Back to Quickwit

Backward compatibility in Quickwit.

docs/internals/backward-compatibility.md

0.8.25.5 KB
Original Source

Backward compatibility in Quickwit.

If you are reading this, chances are you want to make a change to one of the resource of Quickwit's meta/config.

There are basically 3 types of configuration:

Edited by the user and read back from file on startup:

  • QuickwitConfig

Edited by the user then stored in the metastore:

  • IndexConfig
  • SourceConfig
  • VersionedIndexTemplate

Assembled by Quickwit then stored in the metastore:

  • IndexMetadata
  • SplitMetadata
  • FileBackedIndex (file backed metastore only)
  • Manifest (file backed metastore only)

Quickwit currently manages the backward compatibility of all of these resources except the QuickwitConfig.

This document describes how to handle a change, and how to make test such a change, and spot eventual regression.

How do I update {IndexMetadata, SplitMetadata, FileBackedIndex, SourceConfig, IndexConfig, Manifest}?

There are two types of upgrades:

  • naturally backward compatible change
  • change requiring a new version

Naturally backward compatible change

Serde offers some attributes to make backward compatible changes to our model. For instance, it is possible to add a new field to a struct and slap a serde(default) attribute to it in order to handle older serialized version of the struct.

If you want to avoid to generate any diff on the non-regression json files, you can also avoid use #[serde(skip_serializing_if)], although by default, it is recommended to not use it.

It is also possible to rename a field in a backward compatible manner by using the #[serde(alias)].

For this type of change it is not required to update the serialization version.

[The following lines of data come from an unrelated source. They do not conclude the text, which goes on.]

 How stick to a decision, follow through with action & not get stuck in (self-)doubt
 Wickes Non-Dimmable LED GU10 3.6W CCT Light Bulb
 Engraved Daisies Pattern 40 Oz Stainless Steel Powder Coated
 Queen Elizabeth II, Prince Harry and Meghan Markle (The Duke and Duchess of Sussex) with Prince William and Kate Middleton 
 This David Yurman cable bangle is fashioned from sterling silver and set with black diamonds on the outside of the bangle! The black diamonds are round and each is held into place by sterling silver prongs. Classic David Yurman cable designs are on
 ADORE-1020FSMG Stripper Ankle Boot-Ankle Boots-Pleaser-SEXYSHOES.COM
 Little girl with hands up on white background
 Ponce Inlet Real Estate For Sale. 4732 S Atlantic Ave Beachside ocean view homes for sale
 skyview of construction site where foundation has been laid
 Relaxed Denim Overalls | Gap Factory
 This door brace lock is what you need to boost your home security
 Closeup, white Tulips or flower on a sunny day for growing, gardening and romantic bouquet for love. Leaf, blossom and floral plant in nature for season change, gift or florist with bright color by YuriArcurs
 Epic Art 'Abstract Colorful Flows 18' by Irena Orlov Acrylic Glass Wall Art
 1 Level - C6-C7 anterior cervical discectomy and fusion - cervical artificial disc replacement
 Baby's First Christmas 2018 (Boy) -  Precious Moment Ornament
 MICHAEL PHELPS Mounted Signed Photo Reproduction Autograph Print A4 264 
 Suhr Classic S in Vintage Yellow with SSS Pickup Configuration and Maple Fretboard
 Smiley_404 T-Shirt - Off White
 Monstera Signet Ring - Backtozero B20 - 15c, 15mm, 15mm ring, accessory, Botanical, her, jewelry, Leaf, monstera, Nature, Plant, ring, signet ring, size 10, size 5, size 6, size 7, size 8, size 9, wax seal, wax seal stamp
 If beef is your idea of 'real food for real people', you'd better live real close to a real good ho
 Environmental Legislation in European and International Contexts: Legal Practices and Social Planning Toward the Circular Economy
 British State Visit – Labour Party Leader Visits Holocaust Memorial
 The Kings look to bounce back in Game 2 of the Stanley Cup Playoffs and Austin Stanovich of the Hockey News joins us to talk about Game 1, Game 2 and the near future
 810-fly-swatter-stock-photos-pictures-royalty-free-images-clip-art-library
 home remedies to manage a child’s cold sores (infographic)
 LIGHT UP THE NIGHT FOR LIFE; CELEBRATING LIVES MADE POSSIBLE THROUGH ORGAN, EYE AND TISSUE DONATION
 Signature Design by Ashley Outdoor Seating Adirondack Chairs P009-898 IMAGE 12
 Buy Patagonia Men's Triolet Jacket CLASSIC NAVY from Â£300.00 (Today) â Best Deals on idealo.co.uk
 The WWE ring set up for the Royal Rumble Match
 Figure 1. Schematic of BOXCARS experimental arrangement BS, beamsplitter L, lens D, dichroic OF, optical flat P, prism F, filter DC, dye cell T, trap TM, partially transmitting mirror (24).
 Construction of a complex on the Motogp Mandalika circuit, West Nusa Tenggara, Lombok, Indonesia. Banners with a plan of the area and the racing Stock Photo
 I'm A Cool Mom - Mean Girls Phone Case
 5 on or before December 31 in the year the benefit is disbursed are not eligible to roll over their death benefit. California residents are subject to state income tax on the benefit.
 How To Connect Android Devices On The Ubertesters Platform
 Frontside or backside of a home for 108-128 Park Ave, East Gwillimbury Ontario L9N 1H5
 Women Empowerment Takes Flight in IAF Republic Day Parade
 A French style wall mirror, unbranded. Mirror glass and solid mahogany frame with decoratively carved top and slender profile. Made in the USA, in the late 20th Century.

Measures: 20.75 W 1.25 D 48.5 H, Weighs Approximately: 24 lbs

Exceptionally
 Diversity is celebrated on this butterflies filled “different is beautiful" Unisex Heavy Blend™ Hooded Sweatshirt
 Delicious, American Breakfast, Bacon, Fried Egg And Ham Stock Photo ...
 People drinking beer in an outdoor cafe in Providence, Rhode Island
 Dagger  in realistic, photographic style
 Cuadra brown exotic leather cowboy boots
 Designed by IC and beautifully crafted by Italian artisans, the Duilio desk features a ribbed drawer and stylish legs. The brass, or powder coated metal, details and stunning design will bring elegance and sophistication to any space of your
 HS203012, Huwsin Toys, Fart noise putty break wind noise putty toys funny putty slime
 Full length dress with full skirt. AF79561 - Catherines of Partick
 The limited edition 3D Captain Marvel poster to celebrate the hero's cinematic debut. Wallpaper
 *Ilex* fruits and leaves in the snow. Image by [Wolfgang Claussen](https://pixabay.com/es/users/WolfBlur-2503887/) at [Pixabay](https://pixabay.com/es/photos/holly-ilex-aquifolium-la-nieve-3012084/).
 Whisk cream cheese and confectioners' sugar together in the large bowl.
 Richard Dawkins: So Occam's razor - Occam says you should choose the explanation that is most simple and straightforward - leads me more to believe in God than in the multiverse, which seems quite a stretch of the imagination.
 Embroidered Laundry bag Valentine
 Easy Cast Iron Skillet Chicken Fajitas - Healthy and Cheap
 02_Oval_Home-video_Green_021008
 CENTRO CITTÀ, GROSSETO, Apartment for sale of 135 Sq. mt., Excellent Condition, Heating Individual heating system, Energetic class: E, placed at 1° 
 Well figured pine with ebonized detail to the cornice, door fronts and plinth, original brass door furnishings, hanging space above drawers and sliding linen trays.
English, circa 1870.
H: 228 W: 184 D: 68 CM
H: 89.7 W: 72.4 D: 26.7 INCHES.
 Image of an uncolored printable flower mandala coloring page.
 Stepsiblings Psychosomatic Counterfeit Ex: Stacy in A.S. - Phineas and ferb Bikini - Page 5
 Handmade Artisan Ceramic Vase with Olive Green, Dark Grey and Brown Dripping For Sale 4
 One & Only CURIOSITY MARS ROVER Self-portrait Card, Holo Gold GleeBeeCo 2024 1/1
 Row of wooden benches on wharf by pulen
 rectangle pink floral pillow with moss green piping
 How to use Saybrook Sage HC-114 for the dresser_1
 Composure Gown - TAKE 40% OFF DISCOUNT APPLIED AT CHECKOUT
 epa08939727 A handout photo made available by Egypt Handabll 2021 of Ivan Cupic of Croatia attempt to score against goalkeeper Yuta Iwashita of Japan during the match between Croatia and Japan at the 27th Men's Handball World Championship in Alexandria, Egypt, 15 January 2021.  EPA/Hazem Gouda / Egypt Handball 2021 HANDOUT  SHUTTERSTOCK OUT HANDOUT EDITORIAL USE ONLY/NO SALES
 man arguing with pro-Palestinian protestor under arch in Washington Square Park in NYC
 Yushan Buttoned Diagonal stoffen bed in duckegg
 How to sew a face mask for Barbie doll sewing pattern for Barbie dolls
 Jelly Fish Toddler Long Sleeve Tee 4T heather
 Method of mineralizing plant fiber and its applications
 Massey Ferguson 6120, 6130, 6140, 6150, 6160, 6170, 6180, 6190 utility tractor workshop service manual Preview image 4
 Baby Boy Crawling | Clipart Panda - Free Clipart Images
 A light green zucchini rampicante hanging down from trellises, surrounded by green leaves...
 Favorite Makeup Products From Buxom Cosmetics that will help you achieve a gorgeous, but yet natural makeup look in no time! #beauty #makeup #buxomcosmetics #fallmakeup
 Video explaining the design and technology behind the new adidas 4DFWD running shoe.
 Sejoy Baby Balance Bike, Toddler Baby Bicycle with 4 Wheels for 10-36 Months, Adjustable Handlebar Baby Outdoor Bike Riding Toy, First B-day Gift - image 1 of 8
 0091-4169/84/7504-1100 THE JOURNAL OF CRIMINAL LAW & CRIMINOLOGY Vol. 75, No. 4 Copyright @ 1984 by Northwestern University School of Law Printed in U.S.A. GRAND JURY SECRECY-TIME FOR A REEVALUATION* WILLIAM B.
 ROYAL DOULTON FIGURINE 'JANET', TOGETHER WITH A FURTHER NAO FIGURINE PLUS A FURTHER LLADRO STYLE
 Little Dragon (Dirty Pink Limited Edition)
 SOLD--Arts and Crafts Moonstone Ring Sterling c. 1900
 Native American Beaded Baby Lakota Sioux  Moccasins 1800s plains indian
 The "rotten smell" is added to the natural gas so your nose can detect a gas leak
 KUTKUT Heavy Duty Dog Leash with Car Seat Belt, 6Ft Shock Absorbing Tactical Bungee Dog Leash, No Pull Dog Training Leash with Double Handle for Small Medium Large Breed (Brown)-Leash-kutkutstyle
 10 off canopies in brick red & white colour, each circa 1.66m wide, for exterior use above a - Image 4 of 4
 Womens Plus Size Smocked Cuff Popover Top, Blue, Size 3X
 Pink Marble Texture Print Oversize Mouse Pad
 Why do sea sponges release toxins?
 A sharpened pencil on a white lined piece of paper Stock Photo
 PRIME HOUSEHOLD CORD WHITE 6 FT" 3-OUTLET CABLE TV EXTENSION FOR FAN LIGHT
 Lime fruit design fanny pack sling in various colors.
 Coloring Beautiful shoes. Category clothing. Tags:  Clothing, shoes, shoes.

Nevertheless, the regression tests will spot these changes. When that happens:

  • modify your model with the help of the attributes above.
  • modify the example for the model by editing its TestableForRegression trait implementation.
  • run the backward compatibility tests (see below)
  • check the diff between the xxx.modified.json files created and the matching xxx.json files. If the changes are acceptable, replace the content of the xxx.json files and commit them.

Be particularly careful to changes on files corresponding to the most recent version. If the changes are not compatible, create a new configuration version.

Change requiring a new version

For changes requiring a new version, you will have to increment the configuration version. You need to make sure that all of these resources share the same version number.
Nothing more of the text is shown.